◆ WHAT THE TASK ASKS:
Answer with one number: the count of lines in this material that hold the word "Gold".

◆ RECORDS SUPPLIED:
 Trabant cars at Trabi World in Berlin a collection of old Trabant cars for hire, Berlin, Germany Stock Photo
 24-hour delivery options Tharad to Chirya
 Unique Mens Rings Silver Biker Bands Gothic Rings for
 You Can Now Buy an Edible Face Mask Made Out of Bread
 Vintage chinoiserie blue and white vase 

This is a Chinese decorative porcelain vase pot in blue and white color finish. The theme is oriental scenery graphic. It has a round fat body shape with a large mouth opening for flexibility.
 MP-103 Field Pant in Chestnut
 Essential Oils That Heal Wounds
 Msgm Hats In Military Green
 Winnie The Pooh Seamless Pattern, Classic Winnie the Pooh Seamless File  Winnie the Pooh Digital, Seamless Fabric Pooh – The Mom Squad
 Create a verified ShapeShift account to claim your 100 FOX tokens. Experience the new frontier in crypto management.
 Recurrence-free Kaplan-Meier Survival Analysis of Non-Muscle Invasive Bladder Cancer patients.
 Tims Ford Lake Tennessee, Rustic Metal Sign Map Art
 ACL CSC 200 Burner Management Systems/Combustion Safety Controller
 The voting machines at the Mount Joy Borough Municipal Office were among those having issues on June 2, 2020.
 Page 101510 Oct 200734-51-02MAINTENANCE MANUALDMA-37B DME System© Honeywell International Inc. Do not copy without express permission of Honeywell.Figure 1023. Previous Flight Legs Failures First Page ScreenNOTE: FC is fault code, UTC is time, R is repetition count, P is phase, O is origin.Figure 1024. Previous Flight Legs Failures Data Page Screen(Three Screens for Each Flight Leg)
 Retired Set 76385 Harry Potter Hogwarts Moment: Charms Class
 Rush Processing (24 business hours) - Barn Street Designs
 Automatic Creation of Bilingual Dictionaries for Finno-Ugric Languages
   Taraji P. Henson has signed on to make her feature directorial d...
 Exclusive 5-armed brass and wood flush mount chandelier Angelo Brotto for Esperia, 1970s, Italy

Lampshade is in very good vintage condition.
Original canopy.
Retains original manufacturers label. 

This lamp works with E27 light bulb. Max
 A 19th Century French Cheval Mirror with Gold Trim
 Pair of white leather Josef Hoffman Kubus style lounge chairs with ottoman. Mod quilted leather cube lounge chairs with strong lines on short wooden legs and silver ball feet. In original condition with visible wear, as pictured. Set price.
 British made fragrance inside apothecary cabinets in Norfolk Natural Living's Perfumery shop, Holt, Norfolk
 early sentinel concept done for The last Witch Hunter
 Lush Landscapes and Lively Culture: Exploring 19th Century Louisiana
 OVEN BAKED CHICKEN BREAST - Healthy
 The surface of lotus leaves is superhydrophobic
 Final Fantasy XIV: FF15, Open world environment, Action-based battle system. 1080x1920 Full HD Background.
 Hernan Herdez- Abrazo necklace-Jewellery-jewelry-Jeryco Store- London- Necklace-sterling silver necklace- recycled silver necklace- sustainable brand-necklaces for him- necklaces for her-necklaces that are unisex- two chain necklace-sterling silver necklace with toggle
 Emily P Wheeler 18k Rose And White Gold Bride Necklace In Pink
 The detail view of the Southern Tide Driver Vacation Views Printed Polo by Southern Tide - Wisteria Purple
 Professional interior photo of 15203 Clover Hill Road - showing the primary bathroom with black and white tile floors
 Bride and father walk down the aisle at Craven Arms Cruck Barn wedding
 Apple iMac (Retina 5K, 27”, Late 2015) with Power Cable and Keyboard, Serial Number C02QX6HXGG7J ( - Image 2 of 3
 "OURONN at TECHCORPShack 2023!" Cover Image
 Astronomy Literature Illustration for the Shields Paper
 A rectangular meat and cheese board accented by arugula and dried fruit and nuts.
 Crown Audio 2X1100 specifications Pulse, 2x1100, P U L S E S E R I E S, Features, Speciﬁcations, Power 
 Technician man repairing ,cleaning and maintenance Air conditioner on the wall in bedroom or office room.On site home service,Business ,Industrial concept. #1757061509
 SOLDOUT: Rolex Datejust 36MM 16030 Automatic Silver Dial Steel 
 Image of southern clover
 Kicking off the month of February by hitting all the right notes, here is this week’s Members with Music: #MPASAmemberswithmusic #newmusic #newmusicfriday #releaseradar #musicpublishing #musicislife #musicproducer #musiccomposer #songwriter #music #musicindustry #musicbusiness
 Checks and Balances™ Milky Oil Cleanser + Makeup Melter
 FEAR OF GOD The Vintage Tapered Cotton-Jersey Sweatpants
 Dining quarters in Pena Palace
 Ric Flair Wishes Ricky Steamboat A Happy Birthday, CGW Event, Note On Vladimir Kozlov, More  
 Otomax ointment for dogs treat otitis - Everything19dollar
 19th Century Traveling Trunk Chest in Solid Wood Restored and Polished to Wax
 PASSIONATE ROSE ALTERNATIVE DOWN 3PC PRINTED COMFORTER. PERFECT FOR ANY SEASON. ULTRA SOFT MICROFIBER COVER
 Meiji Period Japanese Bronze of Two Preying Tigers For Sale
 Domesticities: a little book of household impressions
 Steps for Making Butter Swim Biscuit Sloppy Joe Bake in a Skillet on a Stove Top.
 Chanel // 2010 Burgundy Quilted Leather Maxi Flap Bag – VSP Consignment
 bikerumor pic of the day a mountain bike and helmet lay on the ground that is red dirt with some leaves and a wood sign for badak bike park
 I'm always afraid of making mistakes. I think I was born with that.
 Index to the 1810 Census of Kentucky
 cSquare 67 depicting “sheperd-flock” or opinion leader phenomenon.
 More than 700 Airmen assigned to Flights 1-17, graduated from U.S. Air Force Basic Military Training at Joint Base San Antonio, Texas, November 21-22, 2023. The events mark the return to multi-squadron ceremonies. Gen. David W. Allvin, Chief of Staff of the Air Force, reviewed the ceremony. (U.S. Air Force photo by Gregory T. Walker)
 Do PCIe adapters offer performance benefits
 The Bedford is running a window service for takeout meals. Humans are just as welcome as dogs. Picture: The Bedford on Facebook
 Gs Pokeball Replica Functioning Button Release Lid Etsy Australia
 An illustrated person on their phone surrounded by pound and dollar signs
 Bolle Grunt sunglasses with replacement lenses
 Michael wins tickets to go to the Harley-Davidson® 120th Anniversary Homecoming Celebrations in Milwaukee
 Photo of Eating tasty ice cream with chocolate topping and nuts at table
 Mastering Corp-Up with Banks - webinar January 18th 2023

◆ TASK RESULT:
2